## Given information
:::

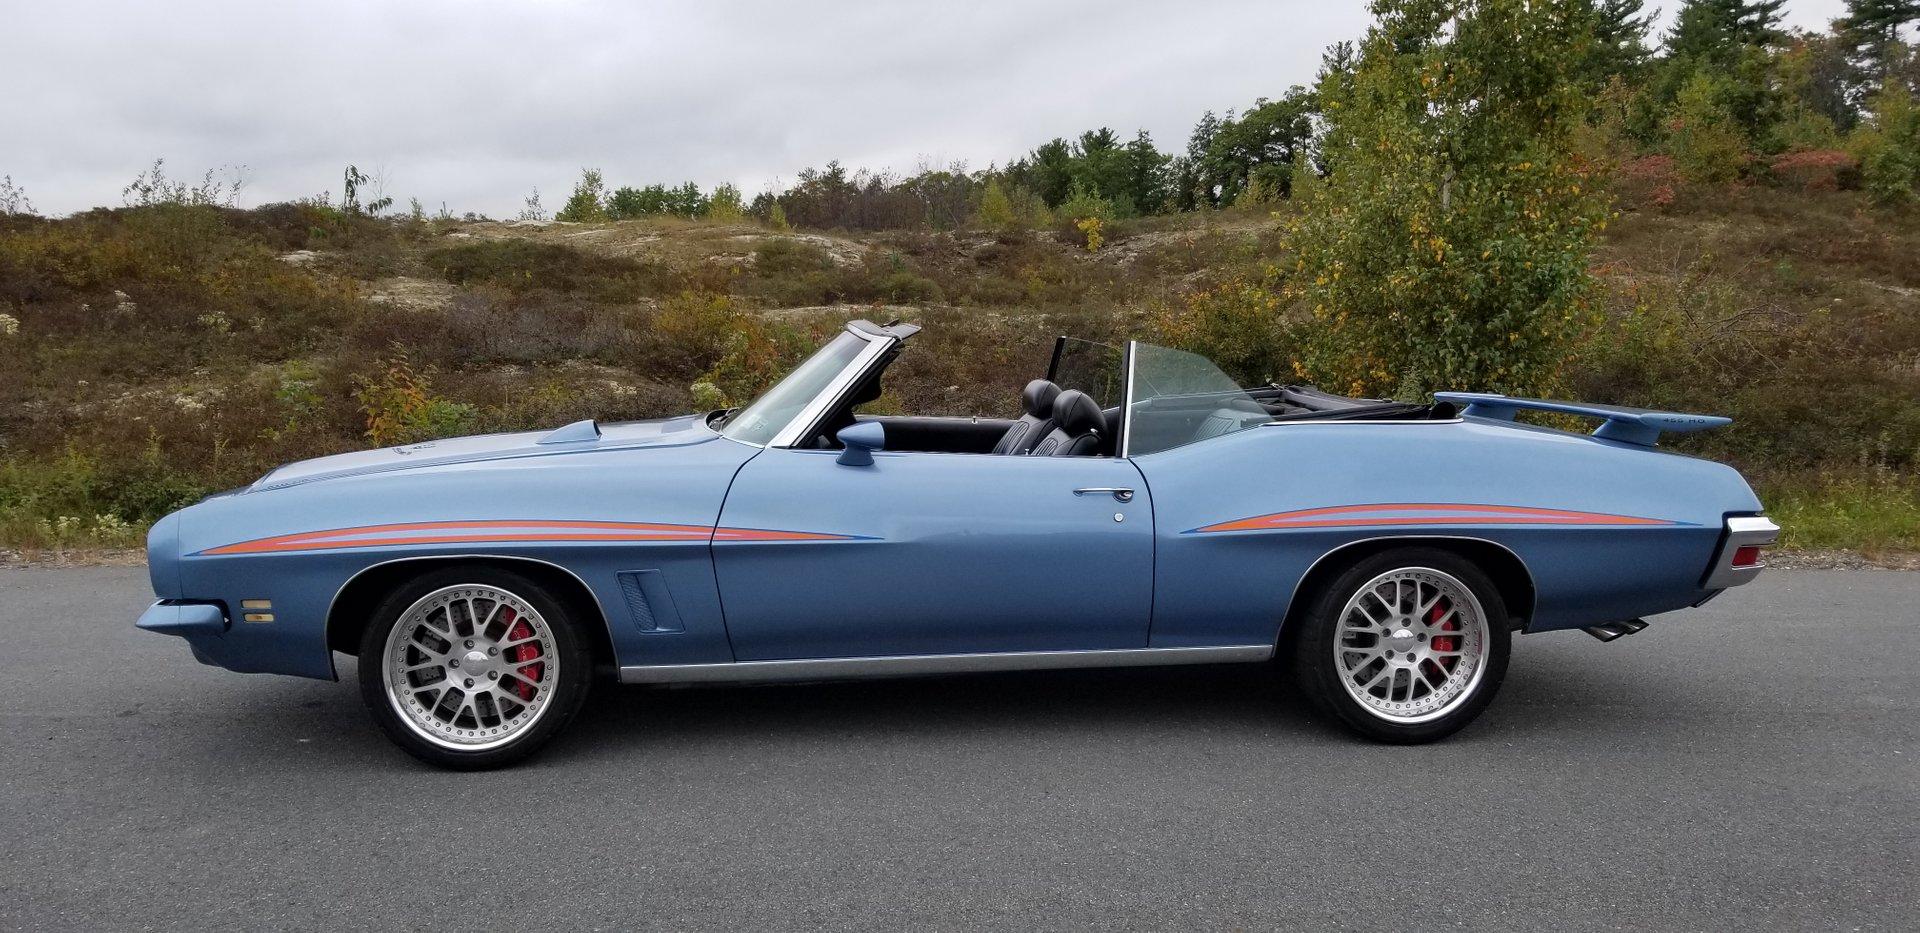 1972 Pontiac Lemans | GAA Classic Cars
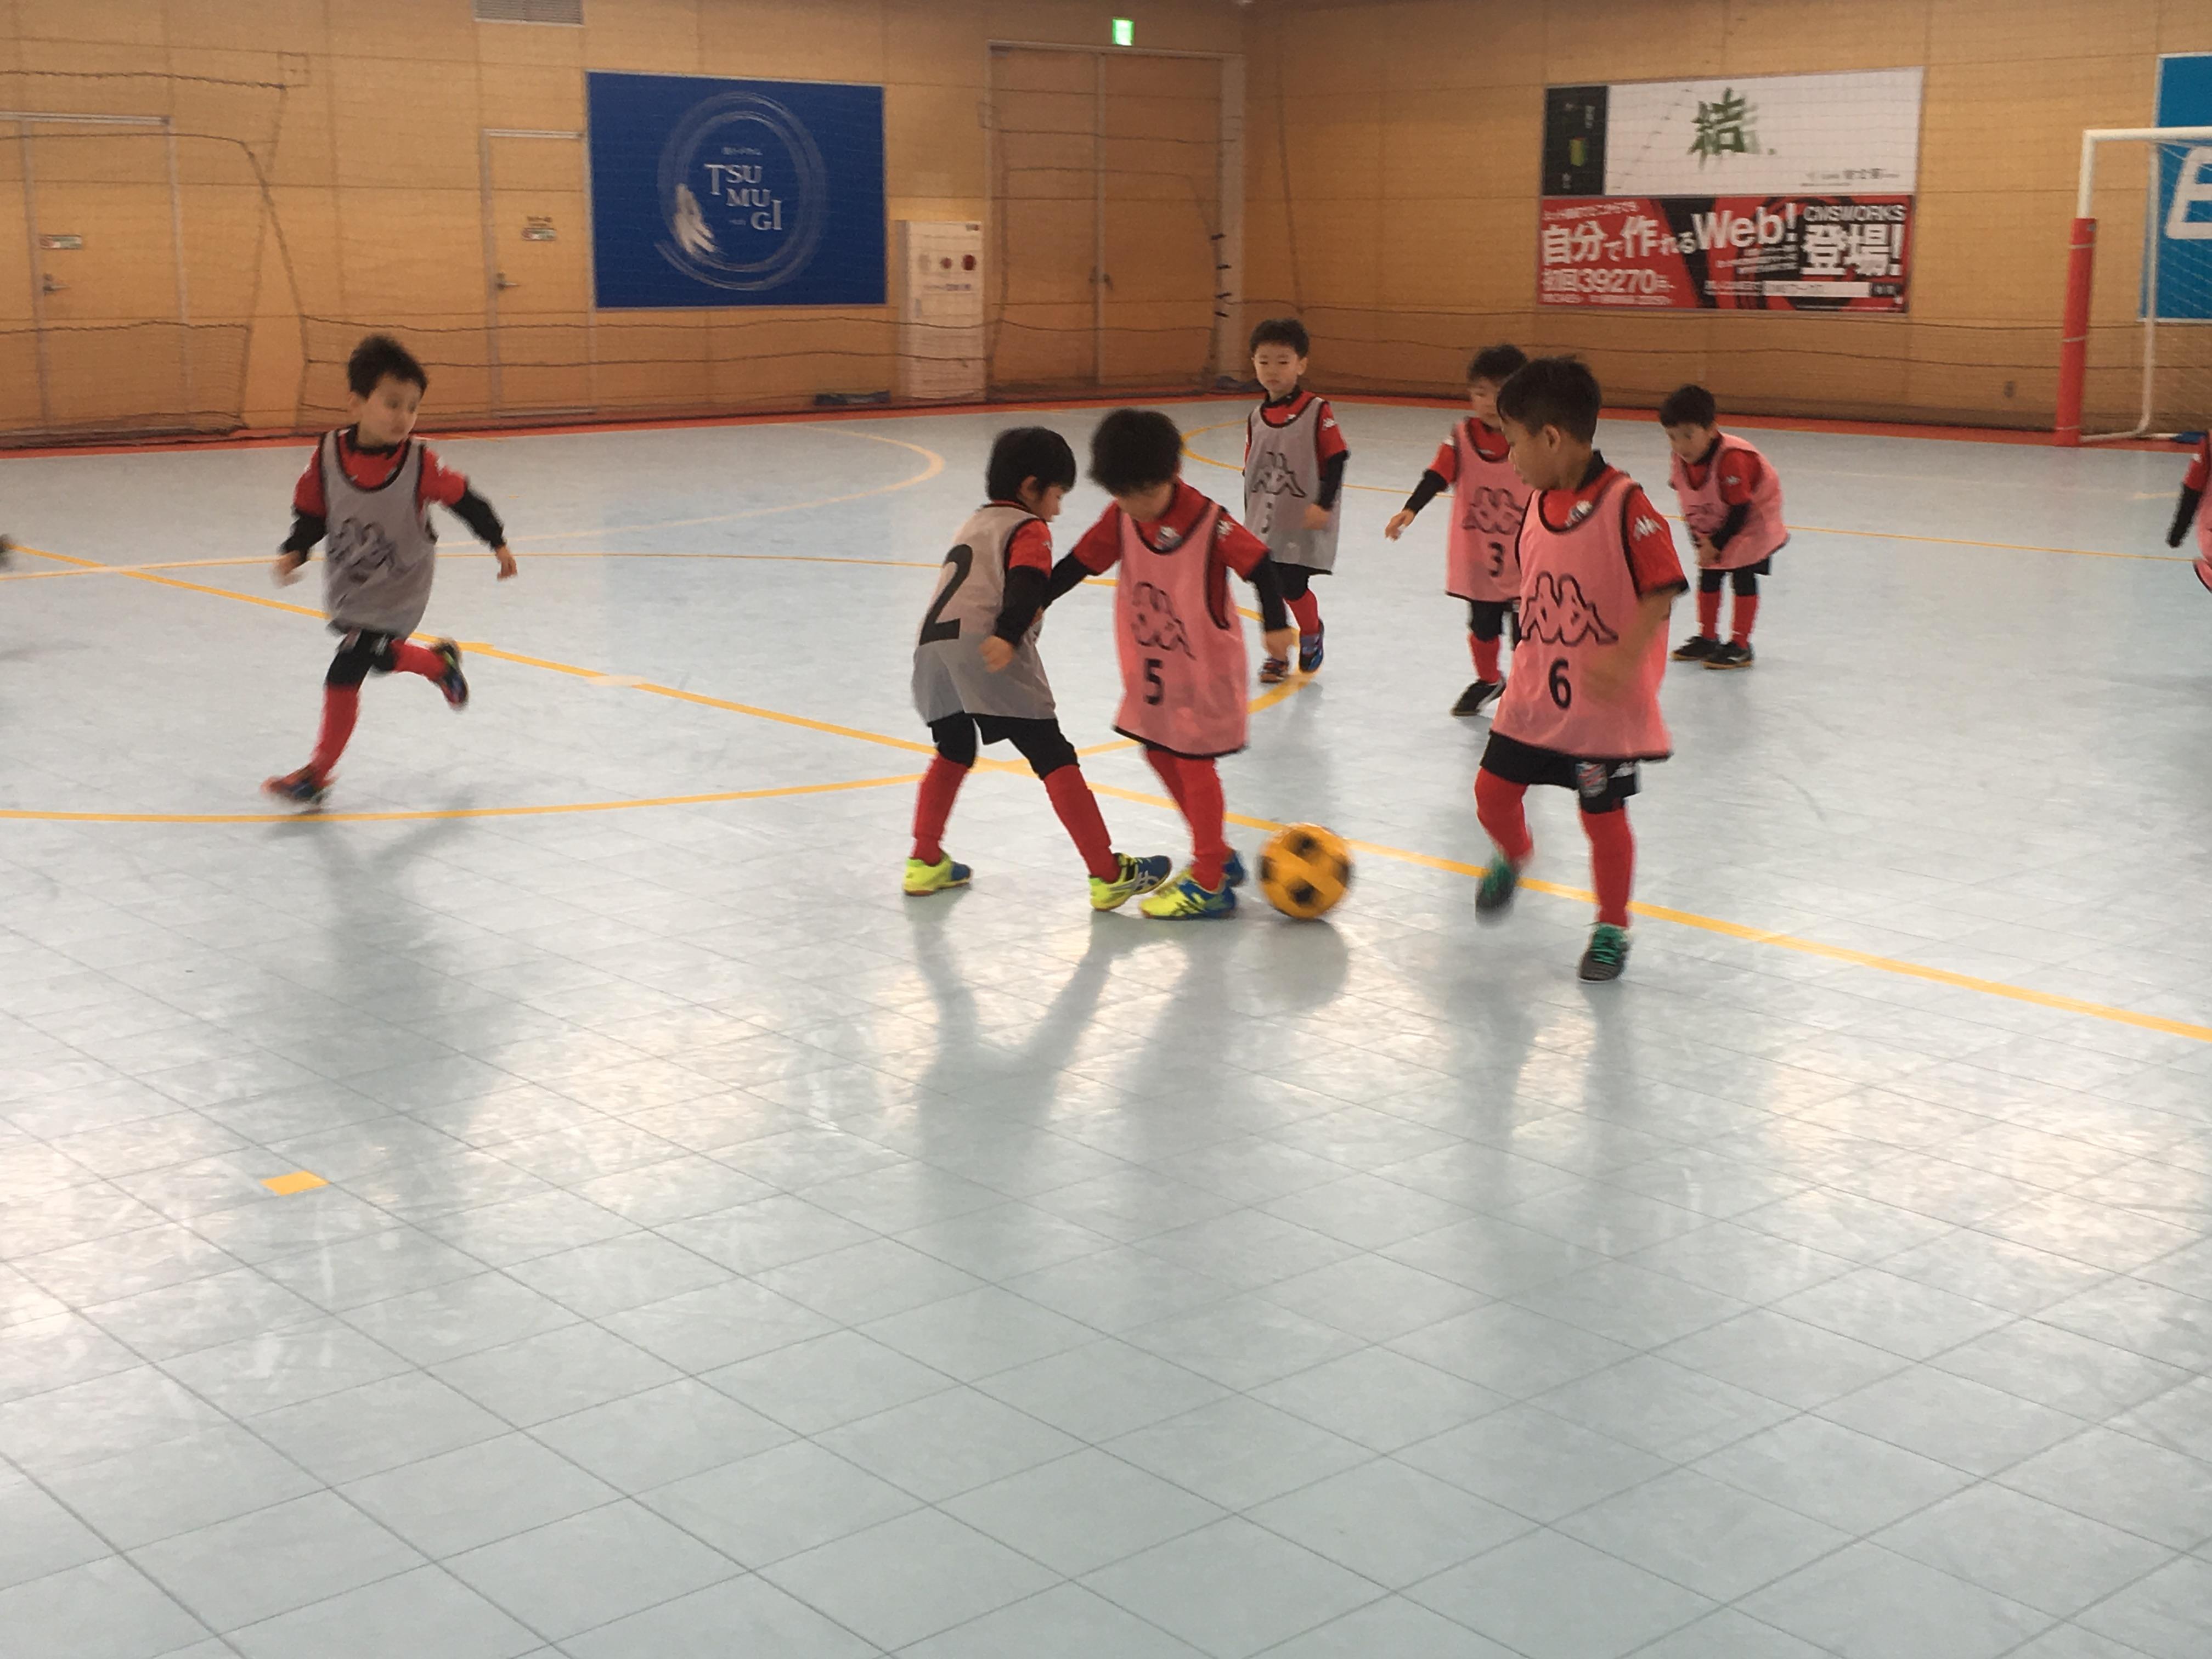 http://chsc.jp/report/up_images/AFE8FBD6-8067-41F6-A4E9-CD9AB1FE1C24.jpeg
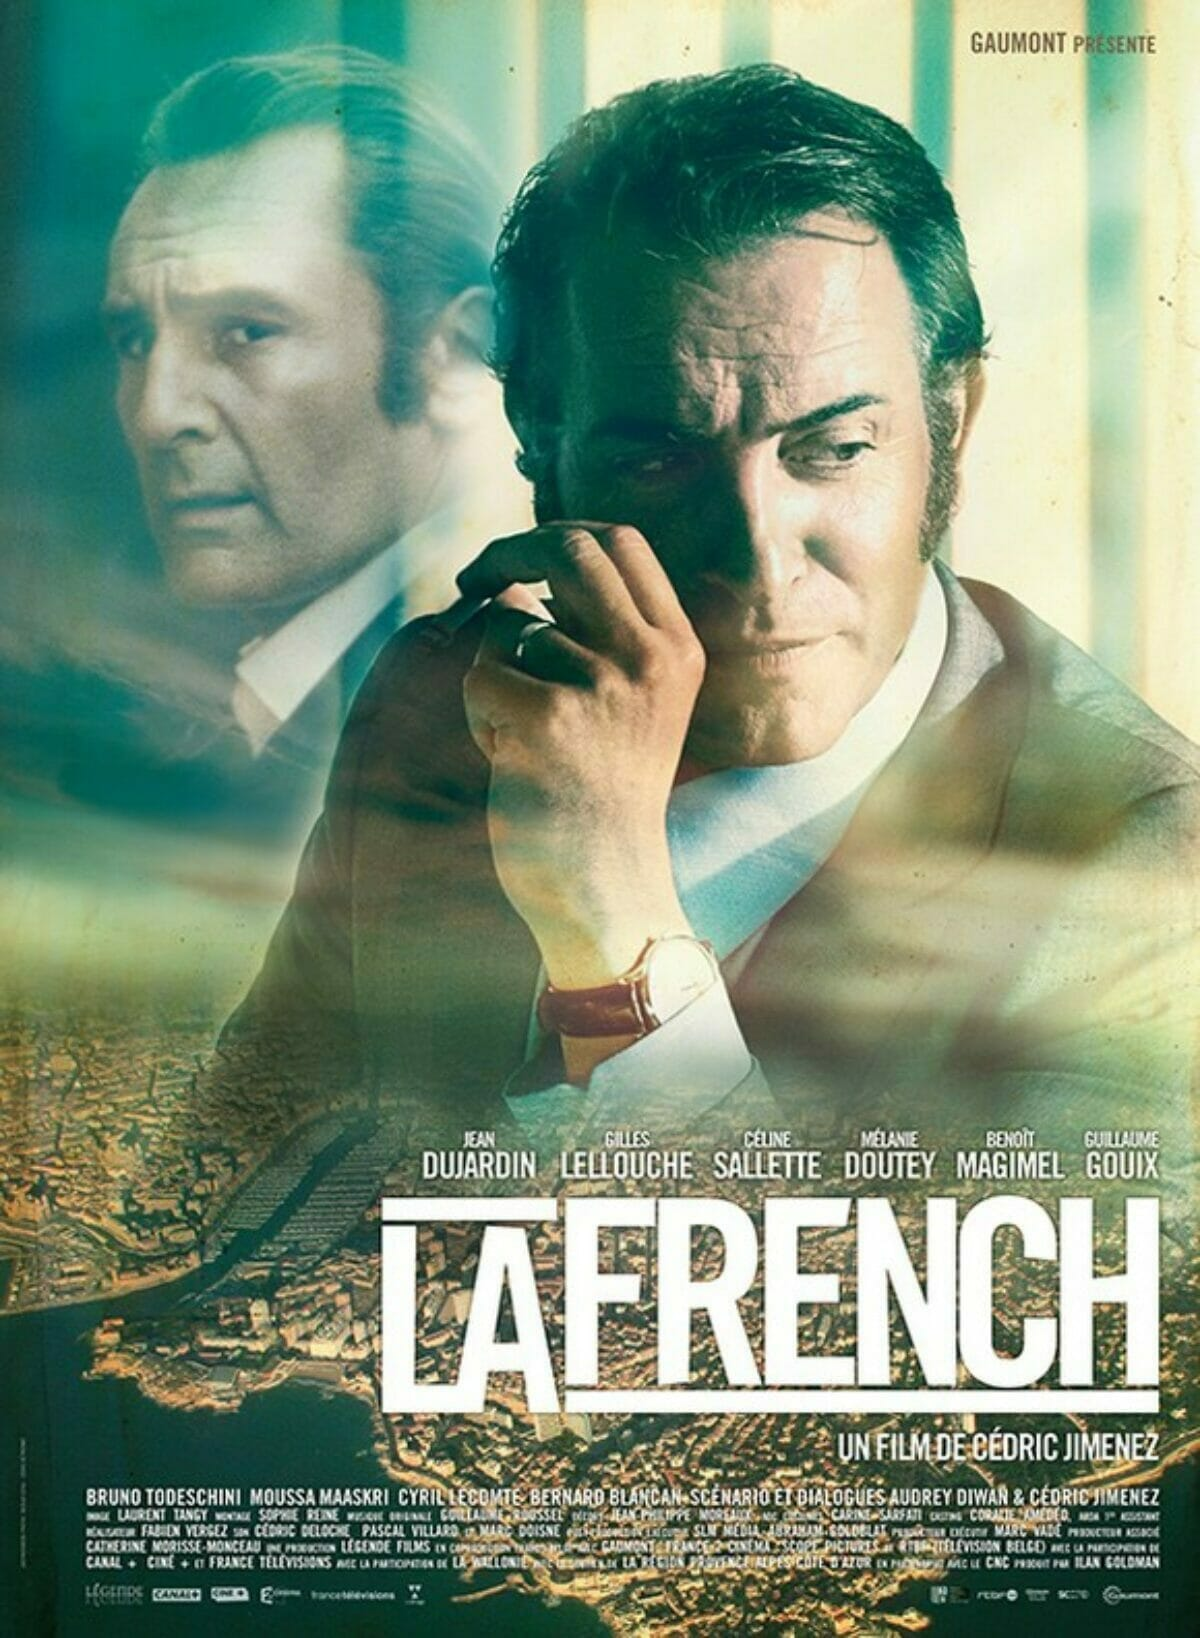 La-French-affiche-France

:::

## Task to carry out
An exact reproduction of the material is needed, without its images.

## Answer for the task
 1972 Pontiac Lemans | GAA Classic Cars
 http://chsc.jp/report/up_images/AFE8FBD6-8067-41F6-A4E9-CD9AB1FE1C24.jpeg
 La-French-affiche-France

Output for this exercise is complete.